As previously mentioned, the absolute permeability was estimated via a PNM through digital rock models obtained from the DeePore dataset and super-resolution data. The PNM simulation involves a network of pores and throats that topologically correspond to the structure of the rock pores; these structures were extracted directly from the microcomputed tomography images⁴⁵. By using numerical methods such as Monte Carlo simulation, finite element methods or finite differentiation methods, the fluid flow through the pore network can be simulated. Each pore and throat can be treated as a discrete element. The permeability is subsequently calculated based on the simulated flow through the pore network^50,51. Using Darcy’s Law method, permeability can be expressed as follows:

$$\begin{aligned} k=\frac{\mu L Q_{0}}{A_{0}\Delta P} \end{aligned}$$

(2)

where \(L\) is the length of the sample, \(Q_0\) is the flow rate calculated by integrating the sample output, \(A_{0}\) is the output surface area and \(\Delta P\) is the pressure gradient.

Although a PNM is a widely used technique for simulating multiphase transport in porous materials, there are few open software options available for use. In this project, the OpenPNM package⁵², which was developed jointly by several research groups specializing in simulations, was used. OpenPNM is written in Python and uses the NumPy and SciPy libraries for most mathematical operations, making it easy to use and ensuring the performance needed to perform large simulations. This package was designed to be highly flexible, suitable for any application and easily customized, allowing the use of 3D models obtained through X-ray microtomography.

It is worth noticing that the Deepore dataset employs permeability measurements in pixel squared (\({\hbox {px}^{2}}\)) units; thus, we have retained this format for consistency. To convert \({\hbox {px}^{2}}\) to Darcy, one can multiply the \({\hbox {px}^{2}}\) value by the square of the sample’s resolution and then divide by the Darcy constant (0.9869233). This method of using \({\hbox {px}^{2}}\) units facilitates the accommodation of images with varying resolutions.

Proposed approach

The proposed approach can be best understood in the context in which it was conceived. Suppose that we have an accurate but slow numerical method to calculate the permeability of a sample. This method requires high-resolution samples, which are expensive and time consuming. However, lower resolution images can be acquired at much lower cost.

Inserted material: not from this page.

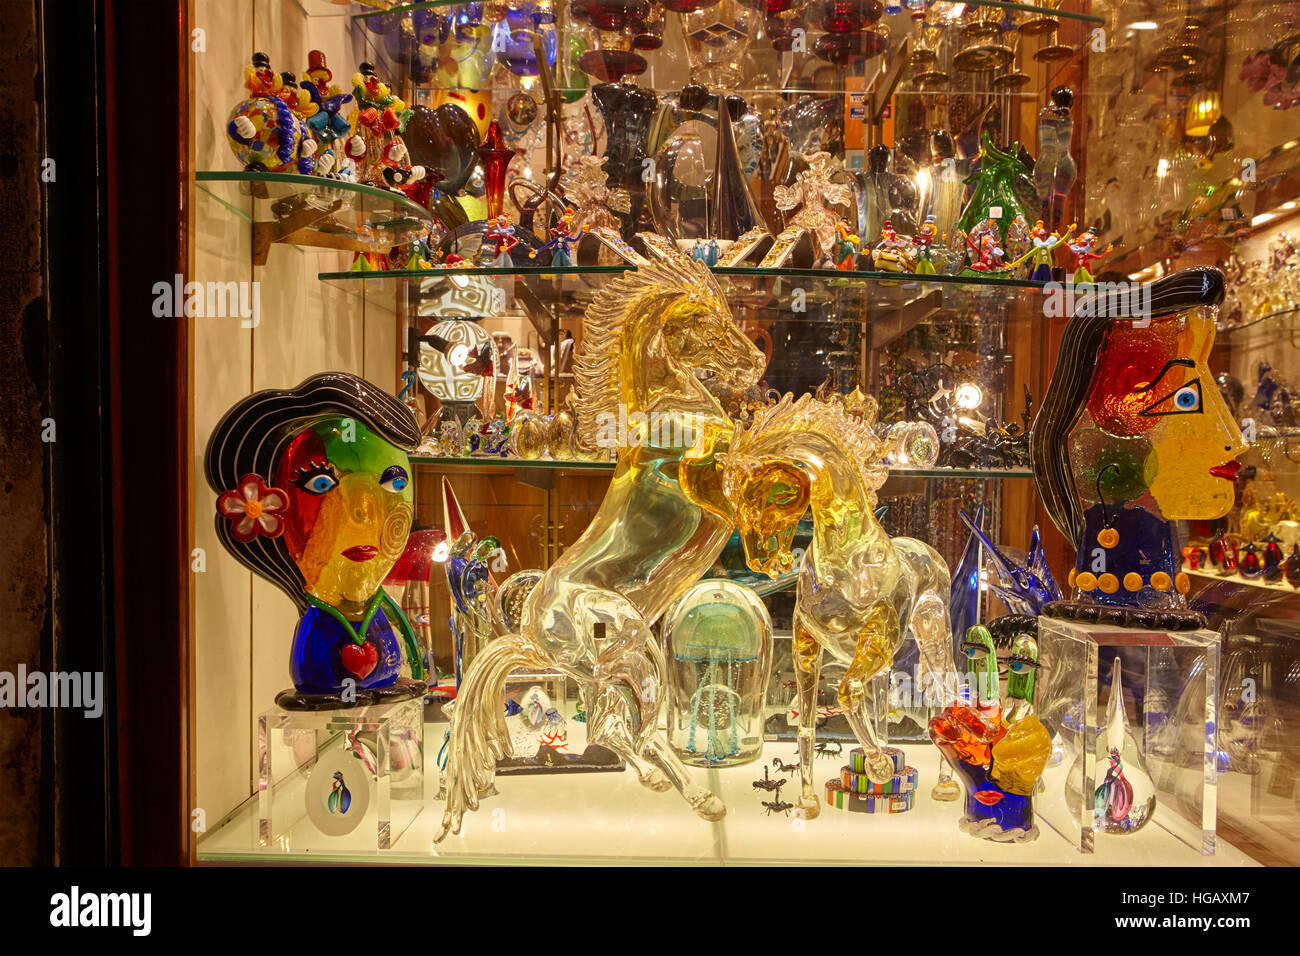 Boutique de produits en verre de Murano traditionnel, Venise, Italie Banque D'Images

If we could generate perfect high-resolution samples, we would need to pass them only during the numerical evaluation. However, as previously explained, the super-resolution problem is an ill posed problem, meaning that while the generated samples are plausible, they are not perfect representations of the ground truth samples. Our objective here is not to achieve super-resolution per se but to achieve correct permeability estimation. Thus, the objective here is not only to generate plausible high-resolution samples but also to generate samples that lead to precise estimates. One approach is to backpropagate the errors made in the permeability estimation back to the super-resolution model to adjust the generated samples and thus yield better estimates. To backpropagate the errors, we need a differentiable module. Since the numerical computation of the permeability is not accurate, we need to generate one that is. To this end, a neural network was applied. Our method, shown in Fig. 1, is split into three steps.

Figure 1

The proposed approach comprises three main steps: (1) The training of a (differentiable) surrogate model from which we can retropropagate errors. (2) The training of a super-resolution network. (3) In the proposed adversarial fine-tuning approach, the surrogate and super-resolution networks act as the discriminator and generator, respectively.

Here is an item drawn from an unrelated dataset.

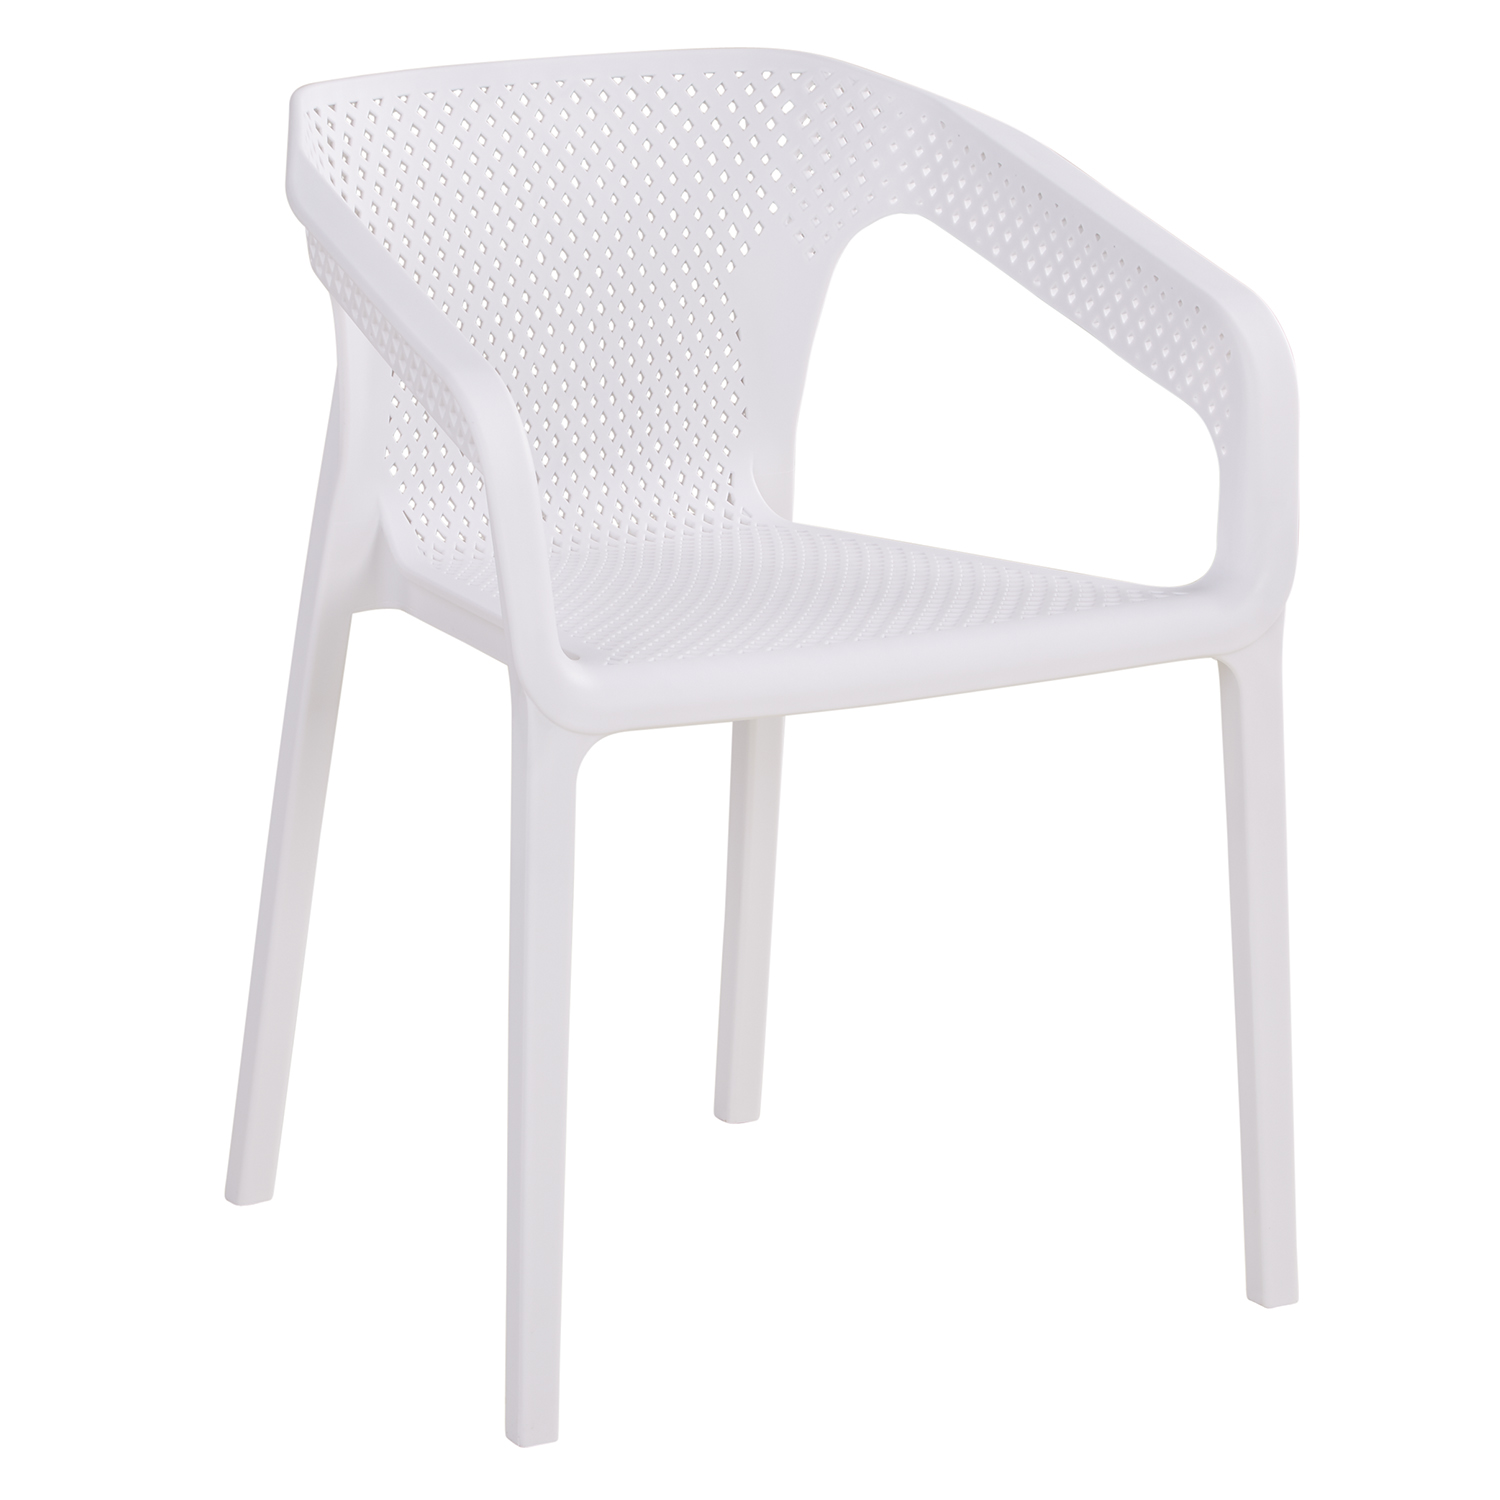 Chaise de jardin avec accoudoirs Blanc Lot de 4 Fauteuils de jardin Plastique Chaises exterieur Chaises empilable

In the first step, a surrogate model capable of estimating the permeability of a sample is built. In the second step, a super-resolution model is built. The novelty and the main contribution of this paper come into play in the third step. Here, a fine-tuned correction is implemented. In the standard GAN framework, two neural networks, the generator and discriminator, are trained adversarially. The objective of the generator is to produce samples that can fool the discriminator, and the objective of the discriminator is to distinguish between real samples and samples produced by the generator. During fine-tuning correction, the super-resolution model acts as the generator, generating new samples, and the surrogate model, kept frozen, acts as the discriminator. However, instead of determining the realness of a sample, the model generates an estimate of the permeability. The error generated by the difference between the actual and predicted permeabilities is backpropagated and used to fine-tune the super-resolution model.

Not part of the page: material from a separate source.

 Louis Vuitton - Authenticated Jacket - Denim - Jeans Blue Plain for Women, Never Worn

The surrogate model receives as inputs a sample of size \(256^3\) and outputs a scalar representing the permeability of that sample. The super-resolution model receives as input a low-resolution sample of size \(32^3\); note that this sample was obtained by downsampling the \(256^3\) sample, and a sample of size \(256^3\) was output. All the networks were trained using the adaptive moment estimation (Adam) training algorithm with the mean squared error (MSE) as the cost function. Stratified cross-validation (where the order of magnitude of the permeability was used as the stratification variable) with 10 folds was used. In the training procedure, the maximum number of training rounds was set to 1000. Early stopping was applied with a patience of 30 epochs. Note that for training the super-resolution and surrogate models, the learning rate was kept constant at \(1e{-}3\), while for fine-tuning correction, we employed a learning rate of \(1e{-}4\). This was done to prevent the super-resolution model from “forgetting” what it had already learned.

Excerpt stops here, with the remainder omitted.